2.2. Survey and Fecal Sample Collection

The formula n = Z2P(1 − P)/d2 was used to determine the minimum sample sizes for this study, using prevalences of 10% and 30% for children and calves, respectively, with a desired precision of 5% at a 95% confidence level [19]. The minimum sample sizes were calculated as 139 for children and 323 for calves. In this study, 299 and 699 fresh fecal samples were collected from children and calves, respectively. Each participant provided one sample in a labeled zipper bag. Fresh calf feces were collected directly from the rectum and, in some cases, from the ground using disposable gloves. Polythene papers were provided for the children so that they could defecate on them before placing their samples in zipper bags. During sampling, additional data, such as age, sex, breed (for calves), and fecal consistency, were collected with the help of pretested questionnaires. Immediately after collection, samples were placed in an ice box and delivered to the laboratory. The samples were sieved, centrifuged, and stored at 4°C in 2.5% (w/v) potassium dichromate until DNA extraction.
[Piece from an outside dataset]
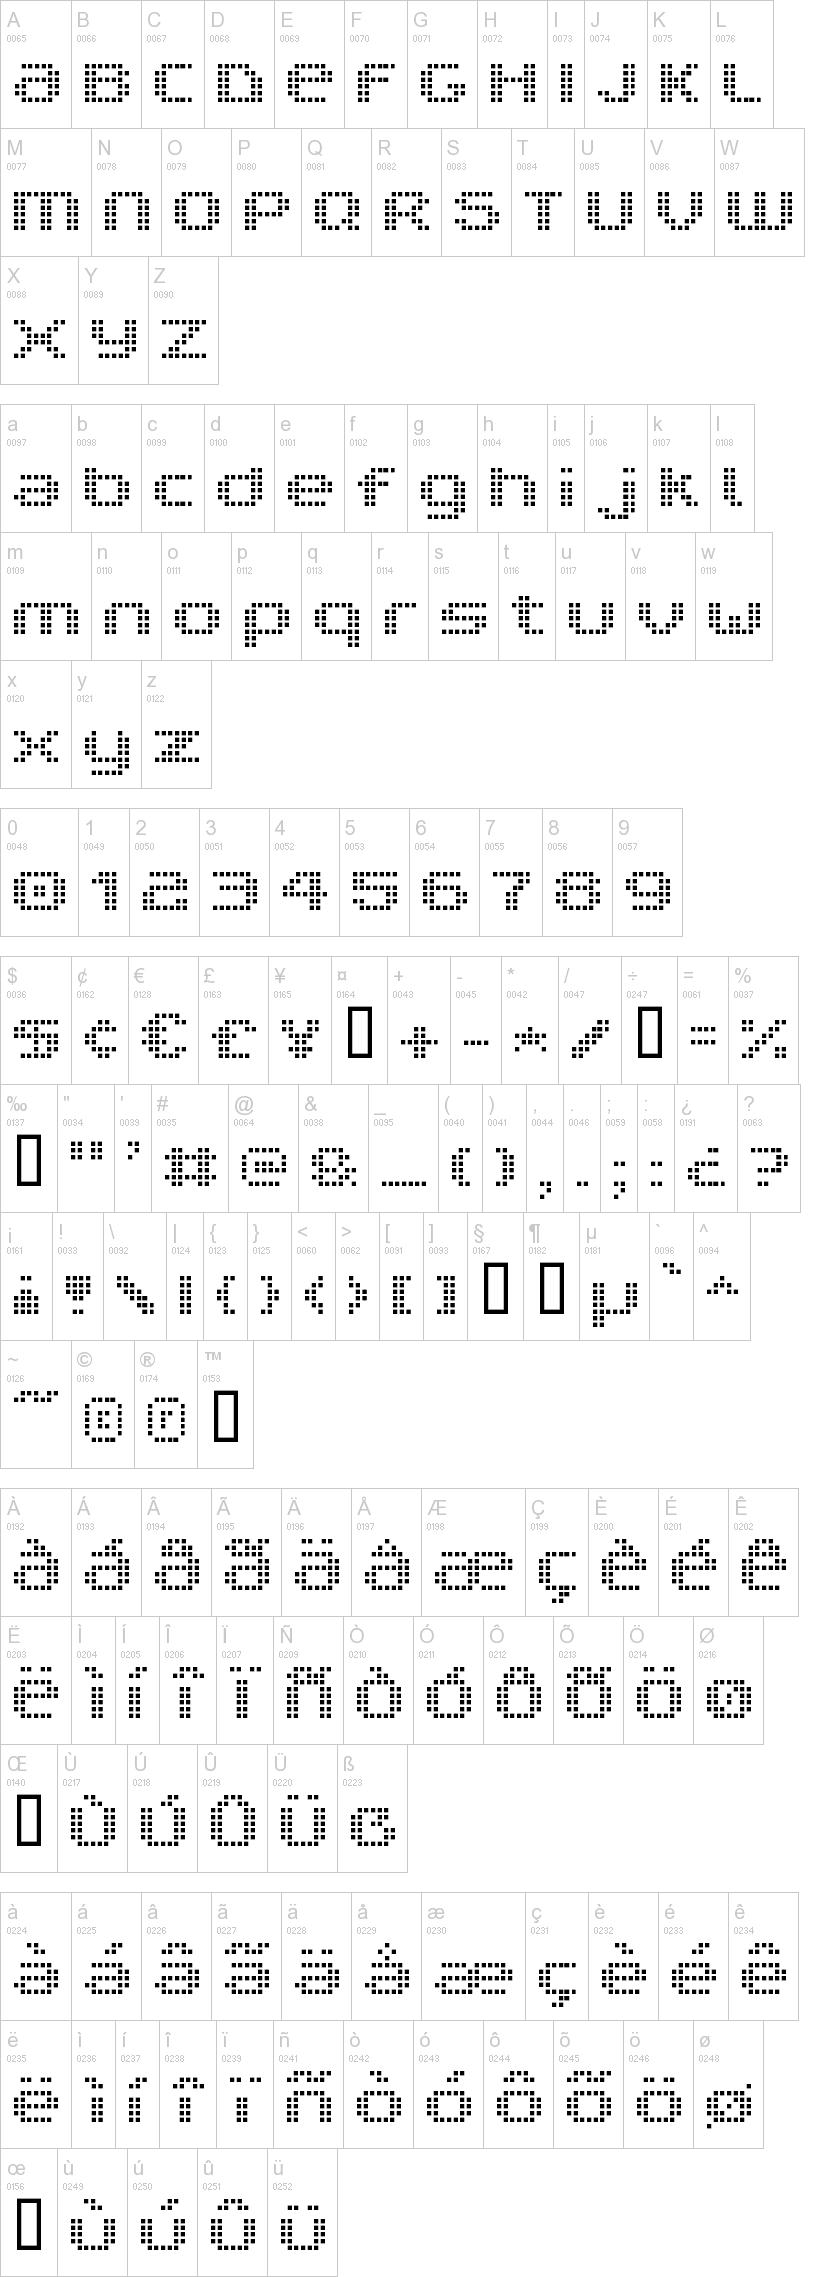 V5 Prophit Cell Font | dafont com

2.3. DNA Extraction and PCR Amplification

The potassium dichromate was eliminated from the stored fecal samples by repeated washings with deionized water. The E.Z.N.A.® Stool DNA kit (Omega Bio-tek Inc., Norcross, GA, USA) was used to extract total DNA from each fecal sample. Around 200 mg of the fecal sample was used for DNA extraction, as directed by the manufacturer’s instructions. Finally, the obtained DNA was suspended in 200 μL of elution buffer [20]. DNA samples were stored at 20°C until used for PCR. All samples were tested for G. duodenalis using a nested PCR amplification of the 290-bp fragment of the ssu rRNA gene (see [21] for reaction conditions, volumes, and primer information). The secondary PCR products were electrophoresed on a 1.5% agarose gel and examined using a transilluminator after being stained with ethidium bromide. Each round of PCR amplification comprised both a positive control (DNA of G. duodenalis assemblage B from a human) and a negative control (distilled water). All samples were screened in triplicate.

2.4. Multilocus Genotyping (MLG) of G. duodenalis

Giardia duodenalis samples positive by ssu rRNA PCR were subjected to MLG analysis, which included a nested PCR amplification of the bg, gdh, and tpi genes. We targeted nested PCRs to amplify fragments of the bg, gdh, and tpi genes under conditions previously described by Lalle et al. [22]; Appelbee et al. [23]; and Sulaiman et al. [24]; respectively, with some modifications [25, 26]. Each round of PCR amplification contained both positive and negative controls to ensure the accuracy of the results.

2.5. Nucleotide Sequencing and Analysis

Positive PCR amplicons were purified with Montage PCR filters (Millipore, Bedford, MA, USA). The ABI BigDye Terminator v. 3.1 cycle sequencing kit (Applied Biosystems, Foster City, CA, USA) and an ABI 3100 automated sequencer (Applied Biosystems) were used to sequence the amplicons in both directions using representative forward and reverse primers [2224]. The forward and reverse nucleotide sequences and chromatograms were examined with EditSeq 5.0 (https://www.dnastar.com/) and Chromas 2.4 (https://technelysium.com.au/wp/chromas/), respectively. After using Chromas to ensure that there were no double peaks on the chromatogram, the sequences were aligned and analyzed with ClustalX (https://www.clustal.org/clustal2/). The assemblages and subtypes of G. duodenalis were identified by comparing consensus sequences to similar sequences in the GenBank database using the Basic Local Alignment Search Tool (BLAST) (https://www.ncbi.nlm.nih.gov/blast/).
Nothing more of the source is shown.